DATA PROVIDED:
--- START ---

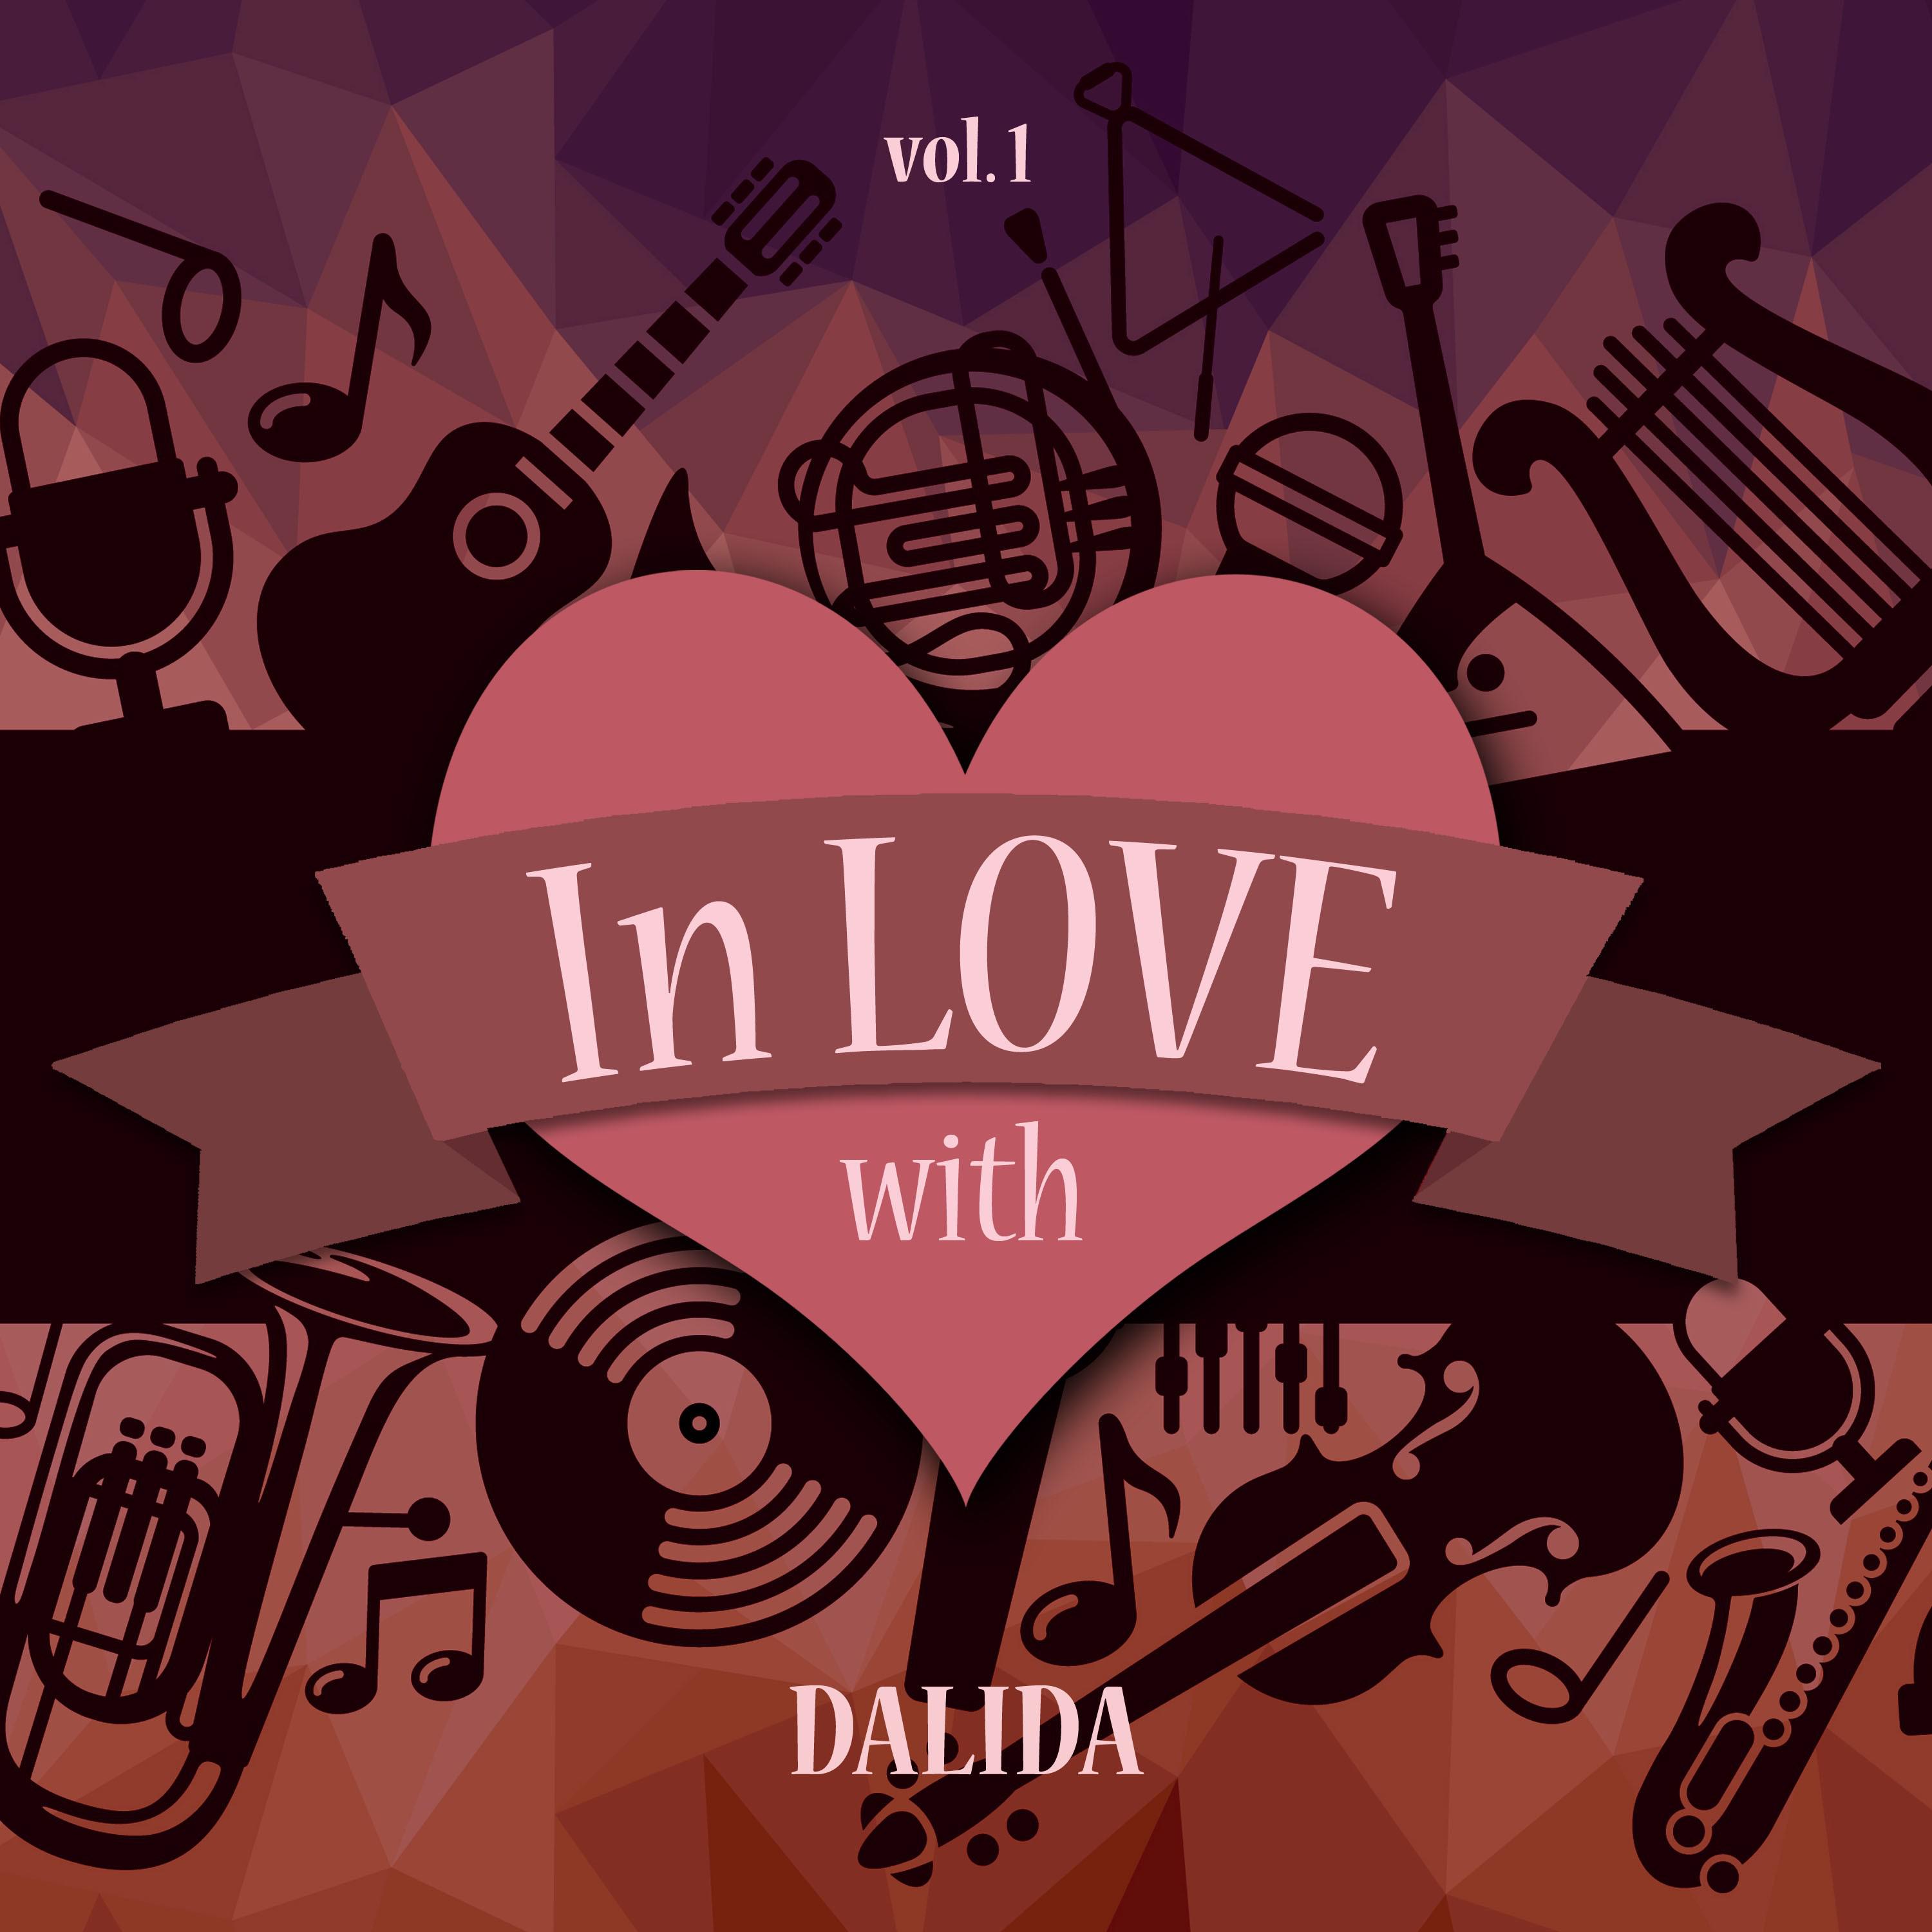 In Love with Dalida, Vol. 1
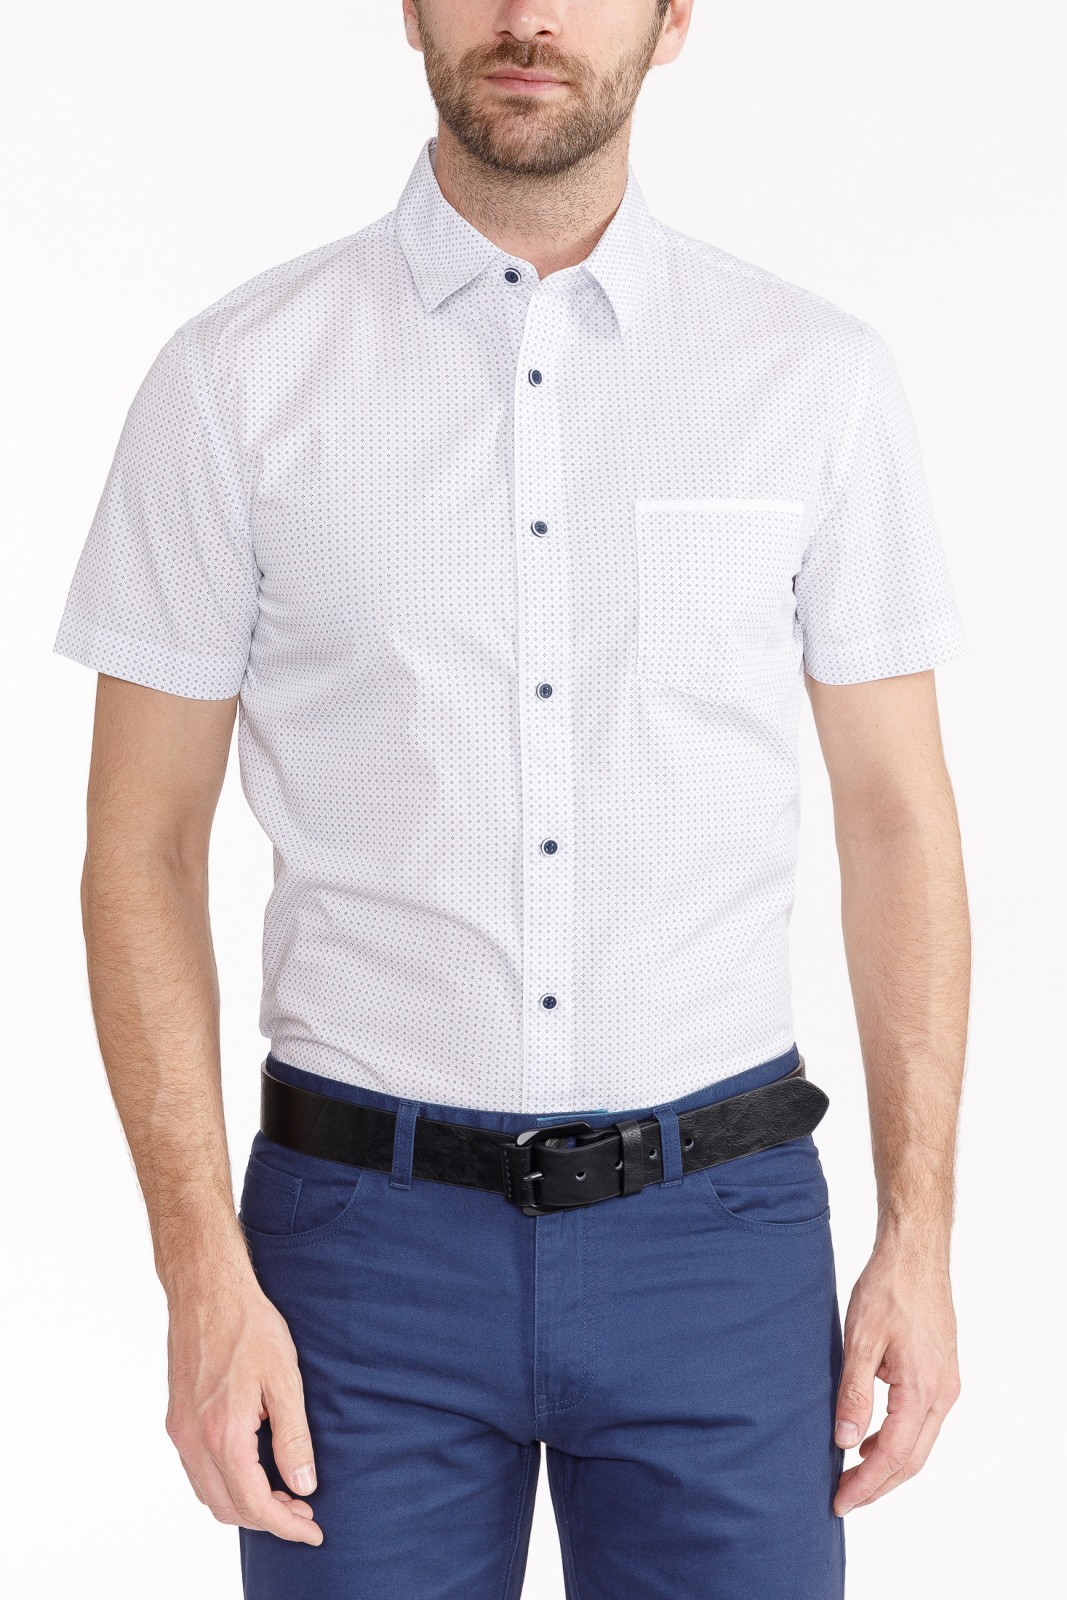 Рубашка с  короткими рукавами zolla 010242259163, цвет белый, размер S
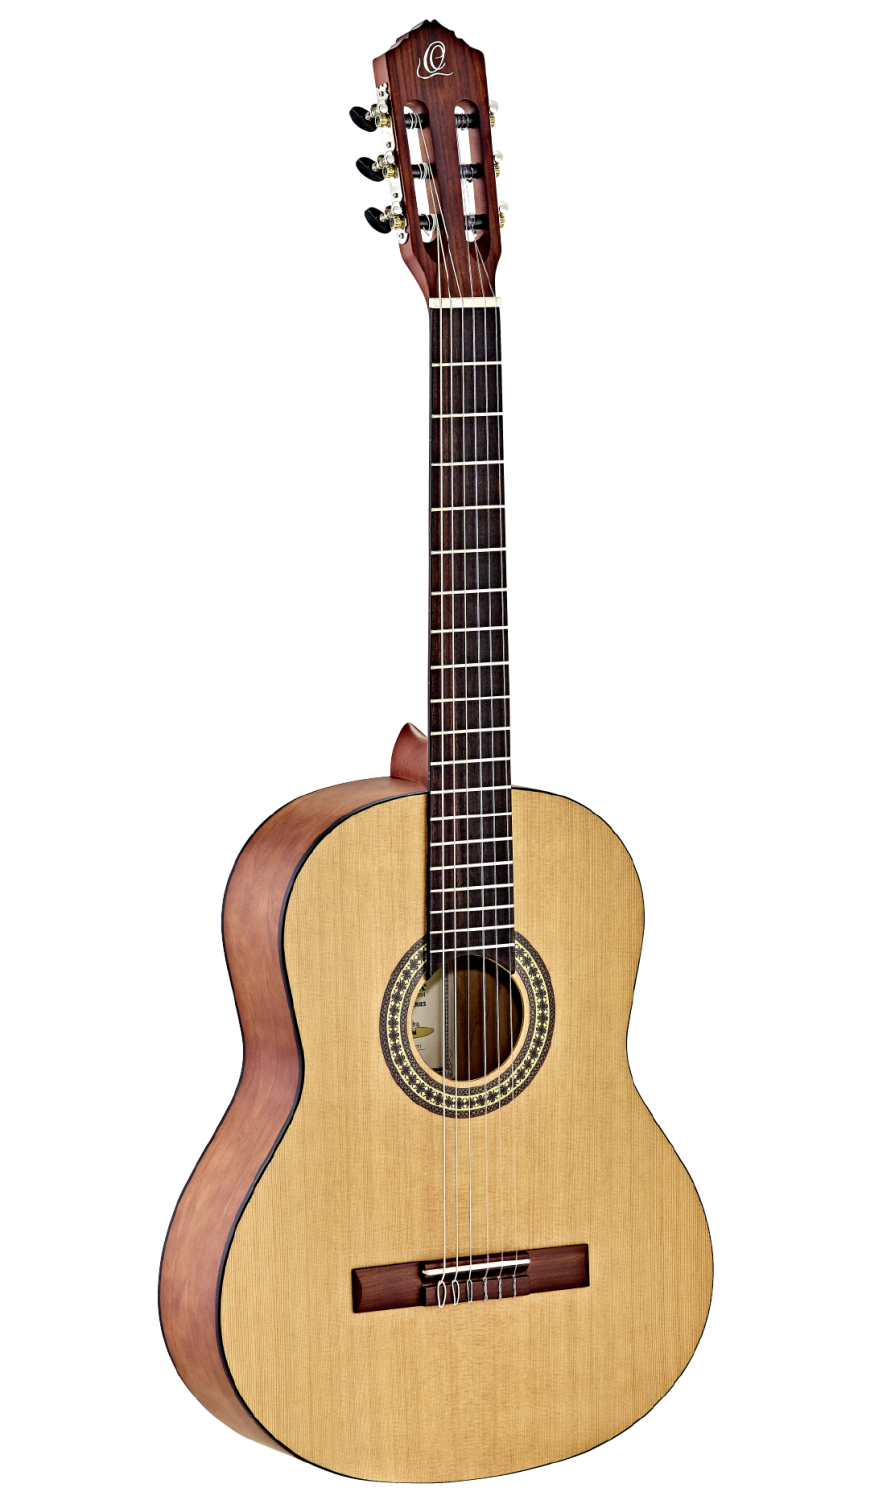 Ortega RSTC5M - Gitara klasyczna
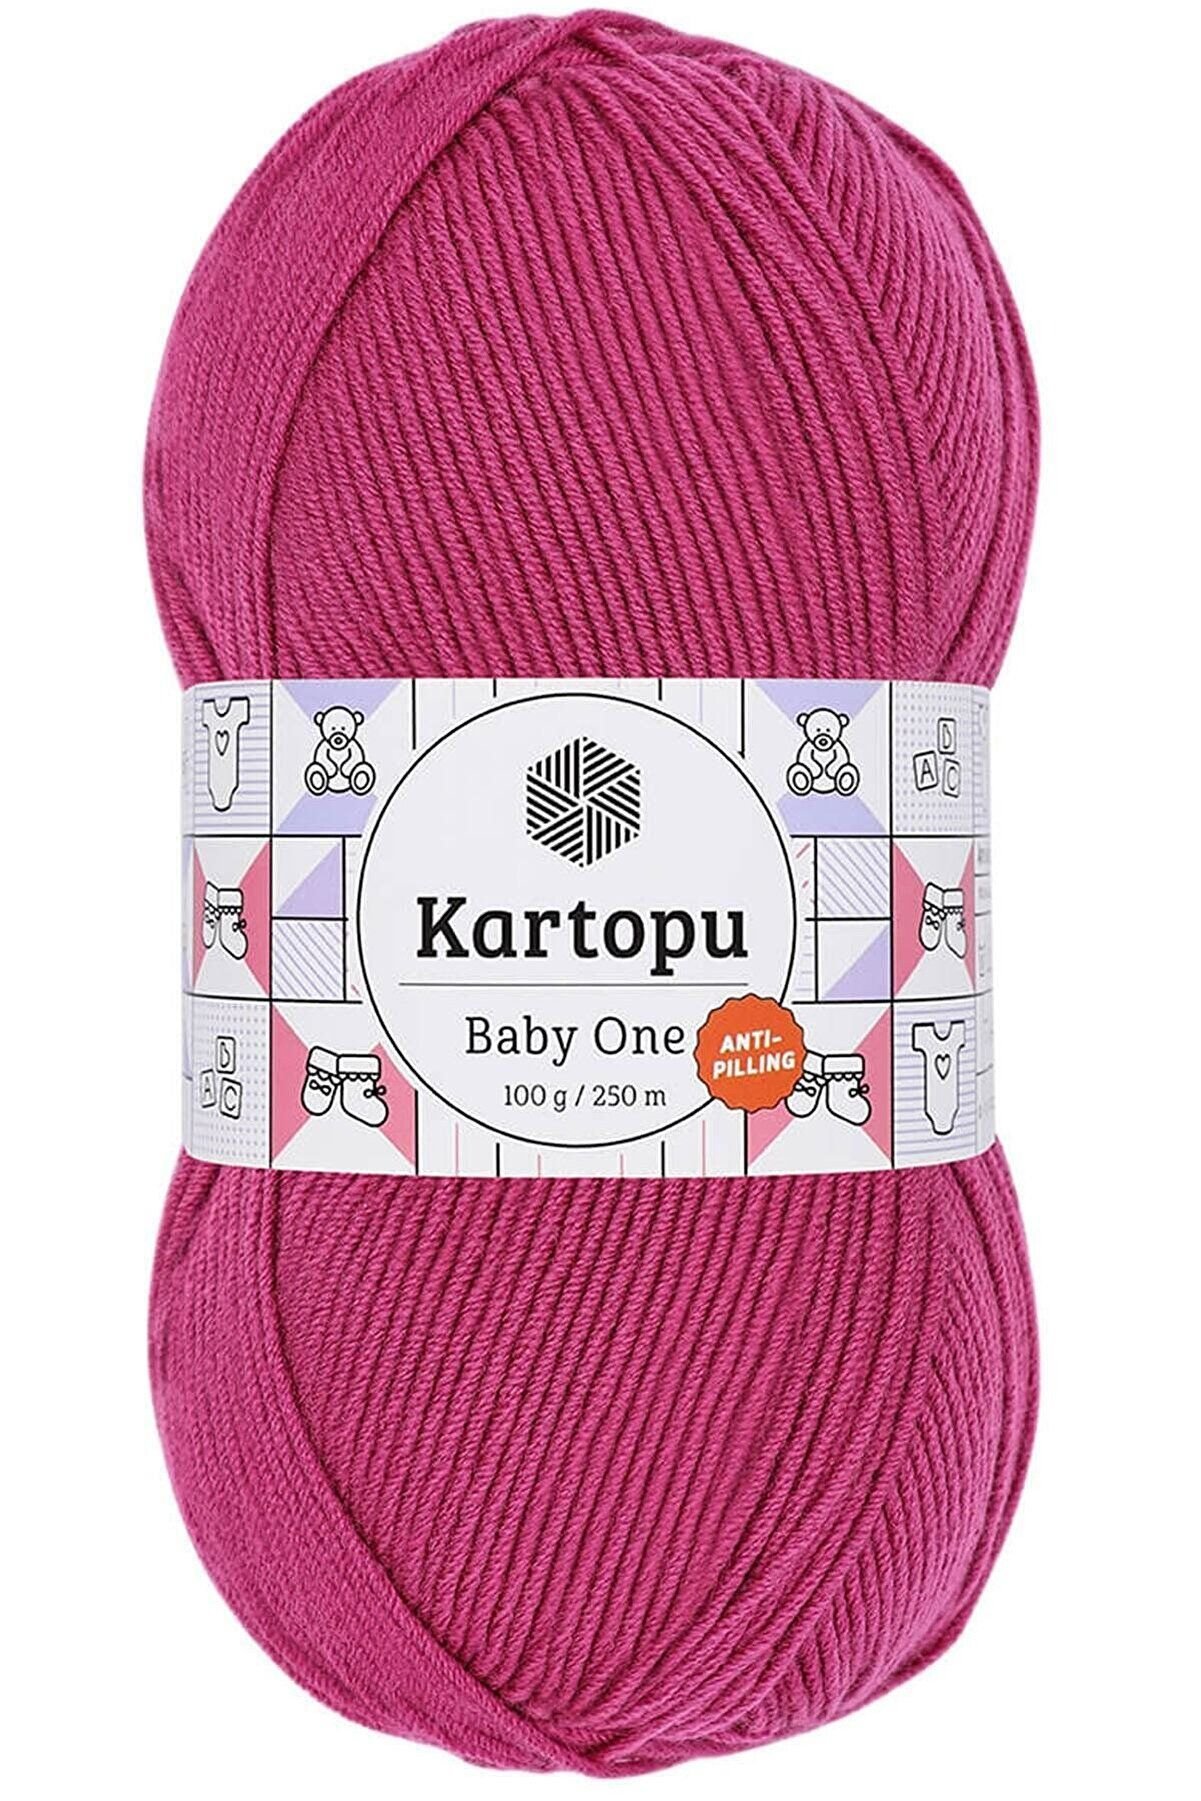 KARTOPU BABY ONE - Bebe Örgü İpi K245 FUŞYA

--- END ---

DESCRIPTION OF THE TASK: Return the data verbatim, leaving out the pictures it holds.

TASK SOLUTION:
 In Love with Dalida, Vol. 1
 Рубашка с  короткими рукавами zolla 010242259163, цвет белый, размер S
 Ortega RSTC5M - Gitara klasyczna
 KARTOPU BABY ONE - Bebe Örgü İpi K245 FUŞYA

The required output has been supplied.